Interface regulation of diamond-doped GaInSn composites

Diamond-doped GaInSn thermal interface materials have broad application prospects in the field of electronic thermal management. However, the poor wettability of diamond and liquid metal makes the fabrication of composites through simple mechanical agitation difficult. In this study, the wettability between GaInSn and diamond was improved by reducing the surface tension of liquid metal and improving the anisotropy of the diamond surface. The diamond/liquid metal (Dia/LM) interface structure was regulated by controlling the gallium oxide content. Ga2O3 was enriched in the GaInSn and diamond contact surface, which can reduce the surface tension of the liquid metal, improve the wettability of GaInSn to diamond, produce a mechanical locking force with the diamond surface, strengthen the bonding between the liquid metal and the diamond, and reduce the thermal resistance of the liquid metal/diamond interface.
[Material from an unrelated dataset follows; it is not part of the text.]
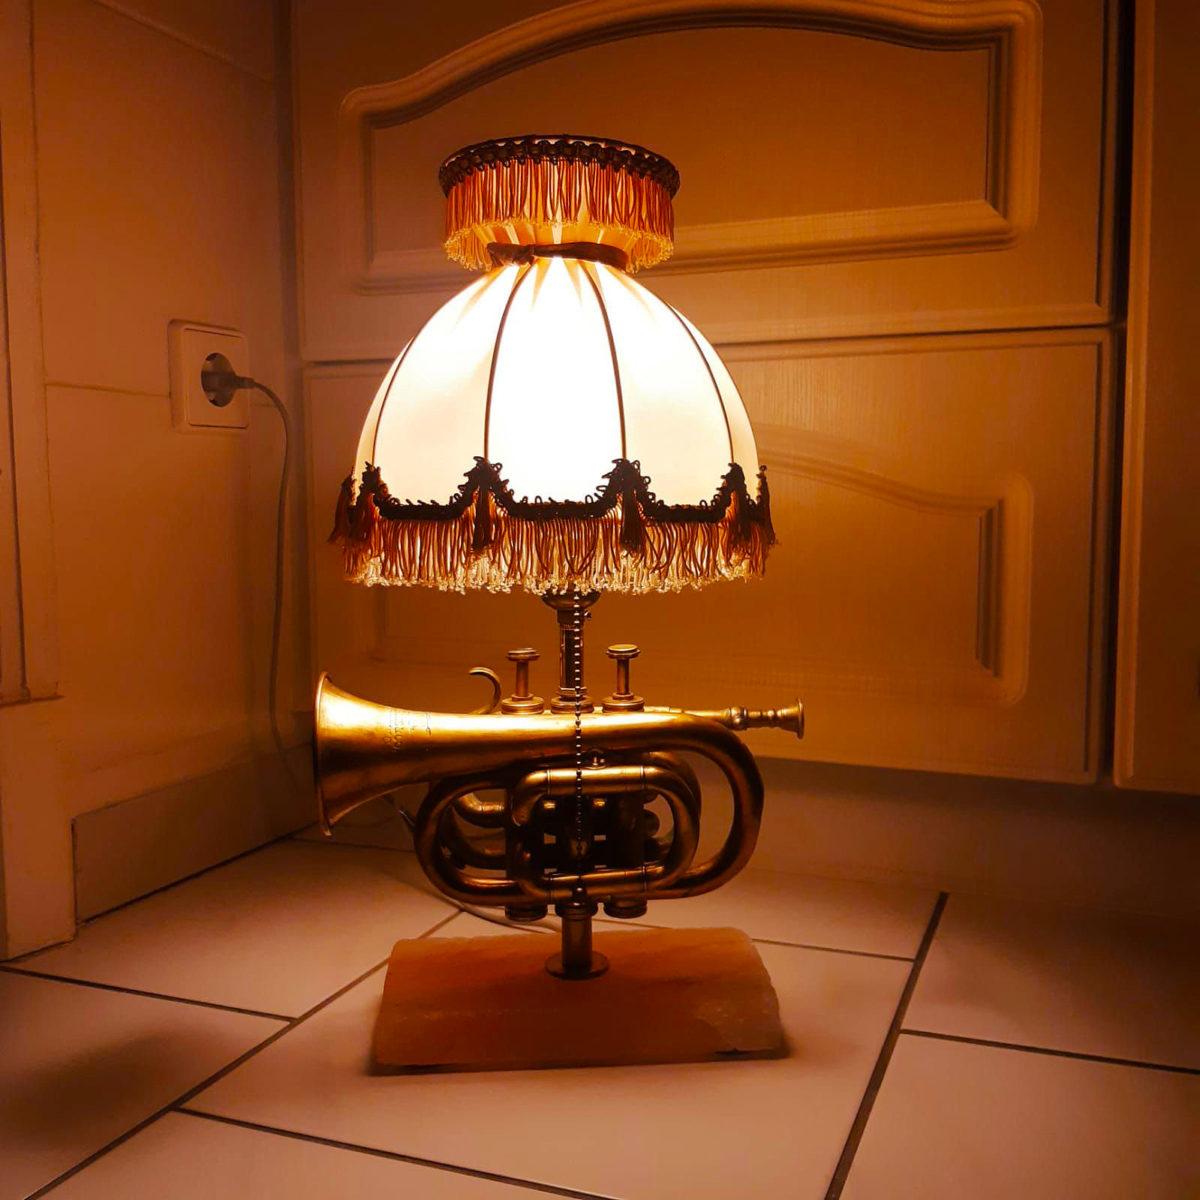 Trumpet lamp table lamp salt block fringes vintage retro
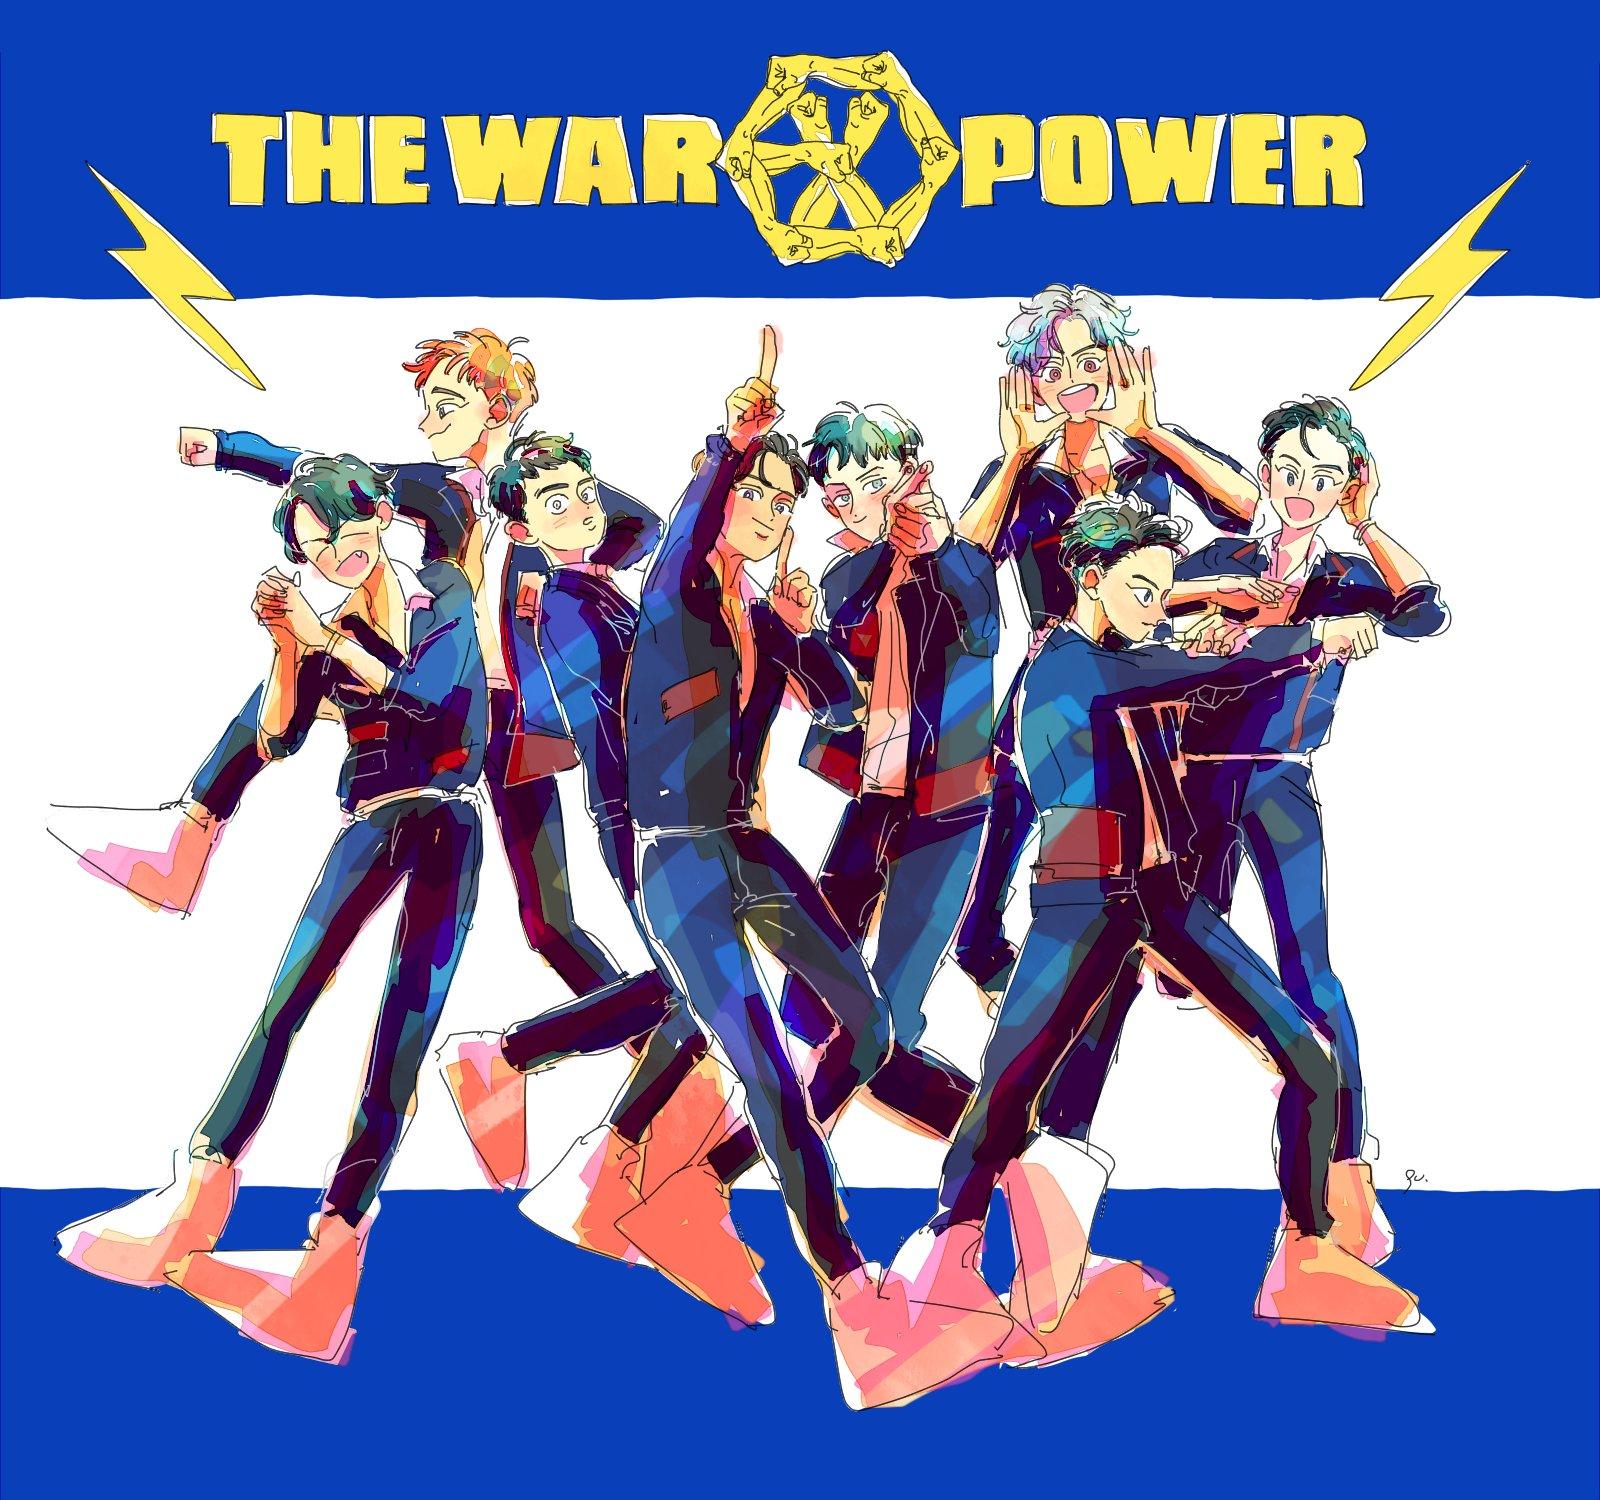 ������ #EXO #Power #TheWar #ThePowerofMusic https://t.co/yh6niquVDu

The Dia/LM interface structure was controlled by using crushed diamond. Result shows that the wettability of the surface (111) of the diamond was the best. The (100) and (110) planes with poor wettability were cut by the crushed diamond cleavage step, and the area of the crystal plane with poor wettability was reduced, thus improving the wettability of the liquid metal. The improvement of the crushed diamonds' wettability was verified by molecular dynamics calculation. The composite preparation technology of diamond and the GaInSn liquid metal was optimized, and the high-performance Dia/LM thermal interface material was prepared by ultrasonic-assisted and micro-oxidation methods.